Alright, so it was stupid, stupid, stupid of me...

Apparently at some point (yes I remember doing this, no I don't remember *leaving* it this way) I modified the script that outputs the commands to the motor-driver... To: instead of outputting raw binary for positional-changes, instead output user-friendly hex-values. I just wanted to verify the conversion was working properly (this is a bash script). Brilliant, right? Wrong. Yeah, don't forget to comment-out that line when you're using redirection ('>') for the script's output to the serial-port!

So, simply, the motor-driver takes a single-byte value, -128 to 127, which tells it how many steps to take... And of course the "user-friendly" version was outputting several ASCII bytes... which, of course, are *positive*. Thus, the motor was going both *positive* regardless of what value I gave it, AND went *really far* each time (a sum of all the bytes transmitted).

Duh. No more redirection of binary values. Use two separate output-streams, one for the terminal, one for the serial-port. This realization came *long* after looking into all sorts of other things... including some amount of certainty that the uC's R/C oscillator was drifting too much for my 4800baud serial transmission... (seriously?!). Well, my de-facto for all projects is to have a fading LED that cycles at a rate of 8 seconds... I measured 7.3. That's pretty far off, so completely reasonable it might've been responsible. So I popped the ol' scope on the serial signals and realized that my new USB->Serial converter is 3.3V, and I'd already determined that my uC's VIH-min is 3.5V... so... well it did work a few days ago, but probably isn't particularly reliable. But the data-timing...? Looks pretty durn accurate to me, certainly not a full bit off (which would cause the "stop" bit to be detected as a '1' in the most-significant data-bit, which might've explained the large motion... except that the MSB is the *sign* so... I dunno.). And of course, that's when I noticed it was transmitting *several* bytes at a time...

Back to the old USB->Serial converter, also. At least I know its inputs are 5V-tolerant (I added that long ago).

Oh, right, and the transistor-biasing issue... @K.C. Lee to the rescue again... I got all hung-up on trying to figure out a versatile solution, but wasn't getting anywhere. He suggests: just replace them dang 3.3k pull-down resistors with something higher, dagnabbit! So, I needed to see this thing moving again, dagnabbit! I cut them dang 3.3ks out of the circuit and soldered on some 20k potentiometers (and removed my transistor-buffer circuit entirely).

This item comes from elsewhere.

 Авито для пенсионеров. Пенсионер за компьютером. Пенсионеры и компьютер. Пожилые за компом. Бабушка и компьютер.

So, some observations: With the mouse-encoders I'd worked with previously, there seems to be some correlation with the pull-resistor values and the *speed* the transistors can respond. A higher value resistor, if I remember correctly, results in *slower* response. My theory being somewhat like that of the difference between ECL and TTL... ECL is faster than TTL because it keeps the transistors AWAY FROM saturation (ECL uses the linear range), Switching out of saturation takes time. Anyways, that's not (yet?) a problem here, since the motor's running *much slower* than the really-high-speed motors I had connected to the mouse-encoders.

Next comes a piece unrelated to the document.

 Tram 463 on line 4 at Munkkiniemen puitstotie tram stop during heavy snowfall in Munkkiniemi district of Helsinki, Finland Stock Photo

Increasing the resistance essentially increases the "amplification" of the signal... so whereas before it was somewhat sinusoidal, now it's closer to digital... rather, it's like an amplifier hitting its (upper) rail... There's still analog changes as the motor is rotated slowly between slot and shade(?), and it also appears to remain sinusoidal-ish at the lower-rail.

Thankfully, my microcontroller has Schmitt-triggers, and the system's now definitely within the VIHmin and VILmax ranges, so it seems alright. Though, I'm not certain the "threshold" is particularly well-defined... Imagine a sine-wave amplified *a lot*, with its bottom touching 0V and hitting the upper rail (5V) long before the sine-wave reaches its zero-crossing... Rather'n *square* pulses, I might be getting really skinny rectangles. As long as both quadrature channels keep those rectangles *in quadrature* then it's no problem except that it means the positional accuracy varies at two of the four measurable points in a quadrature-cycle... Something to ponder, but doesn't seem to have a noticeable effect.

As far as the PWM noise coupling in...? It might still be, I haven't 'scoped the receiving-end... But it's no longer going through my transistor "amplifiers" (and the cable is now shielded) so it should be a little more immune. It seems to be working fine!

Well, fine on the electronics-side... the mechanics are... built by me, with my tools and my supplies... At the very least, I think I need to oil this thing... Cooking-oil seemed to work great for tapping and drilling, but it gets kinda gummy and smelly after a while. Best buy some motor oil (will that be any better? This isn't a closed system... And WD-40 is a solvent, right? Not for long-term "oiling"?).